Table1_v1_Gandou Decoction Decreases Copper Levels and Alleviates Hepatic Injury in Copper-Laden Hepatolenticular Degeneration Model Rats.DOC
Objective: This study was designed to investigate the therapeutic efficacy and underlying mechanisms of Gandou Decoction (GDD) in copper-laden hepatolenticular degeneration (HLD) model rats.
Methods: In this study, high-performance liquid chromatography (HPLC) fingerprint analysis and eight representative active components were simultaneously measured for quality control of GDD. The therapeutic effect of GDD in HLD was studied by constructing a rat model of copper-laden HLD. The copper levels in the liver, serum, urine, and feces were quantified by atomic absorption spectrophotometry (AAS). Subsequently, UV-Vis spectrophotometry was used to study the coordination ability of copper ion (Cu2+) with six representative active components in GDD to explore its potential copper expulsion mechanism. Serological indexes including alanine aminotransferase (ALT), aspartate aminotransferase (AST), and alkaline phosphatase (AKP) were evaluated. Hepatic indicators including superoxide dismutase (SOD), glutathione (GSH), and the total antioxidant capacity (T-AOC) were determined. Moreover, the liver tissue was stained with hematoxylin-eosin to observe the histological changes.

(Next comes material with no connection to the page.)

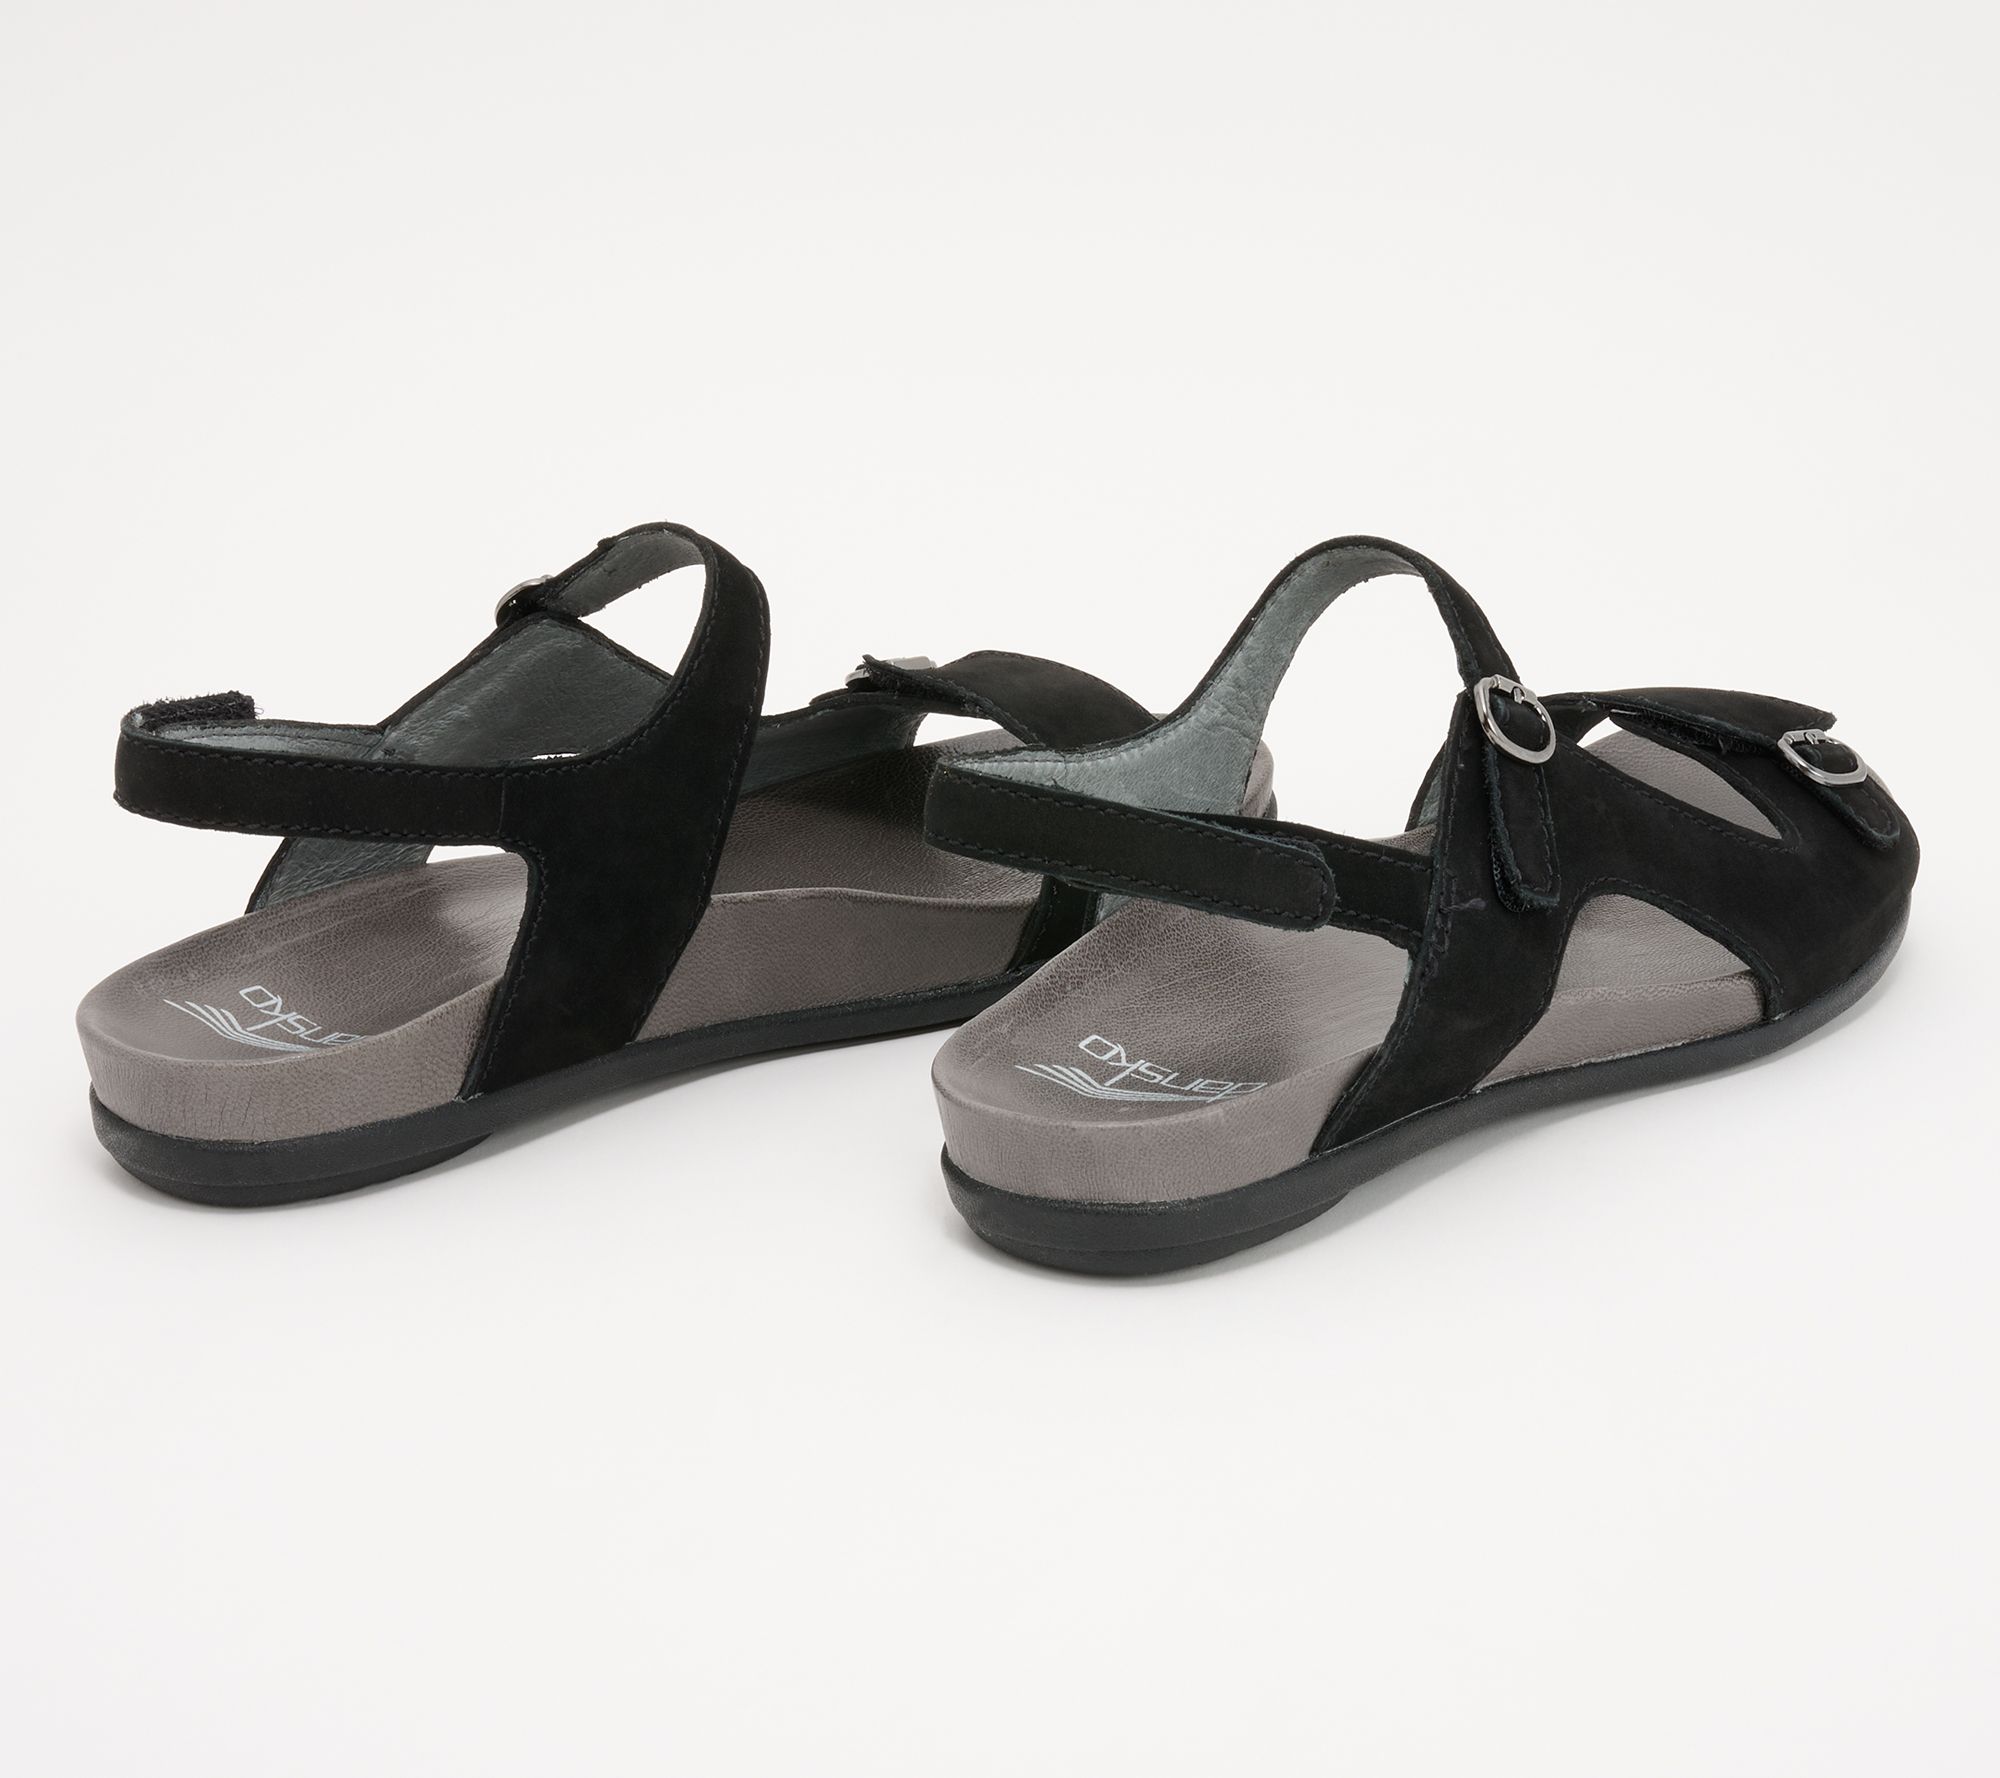 Dansko Leather Adjustable Slingback Sandals- Jordyn QVC.com

Results: Thirty characteristic fingerprint peaks were used to assess the similarities among 10 samples and showed the similarity was >0.98, indicating a good correlation among the common peaks. Simultaneous quantification of eight markers in GDD was then performed to determine the consistency of quality. GDD could decrease the serum and hepatic copper levels by increasing the urinary and fecal copper content in copper-laden rats. Meanwhile, the results of UV-Vis absorption studies show that six representative active ingredients in GDD can coordinate with Cu2+, indicating that complexing copper removal may be a potential mechanism for GDD to play a role in copper removal. Serum hepatic enzyme markers AST, ALT, and AKP activities and antioxidant enzyme SOD, T-AOC activities, and GSH level in hepatic tissue showed the protection of GDD against liver injury induced by excessive copper. Additionally, the hepatoprotective effect of GDD was also evidenced by the results of the liver histological evaluation.
Conclusions: This study suggested that GDD could reduce the serum and hepatic copper levels through promoting urinary and fecal copper excretion in copper-laden rats. At the same time, GDD could alleviate hepatic injury by inhibition of oxidative stress.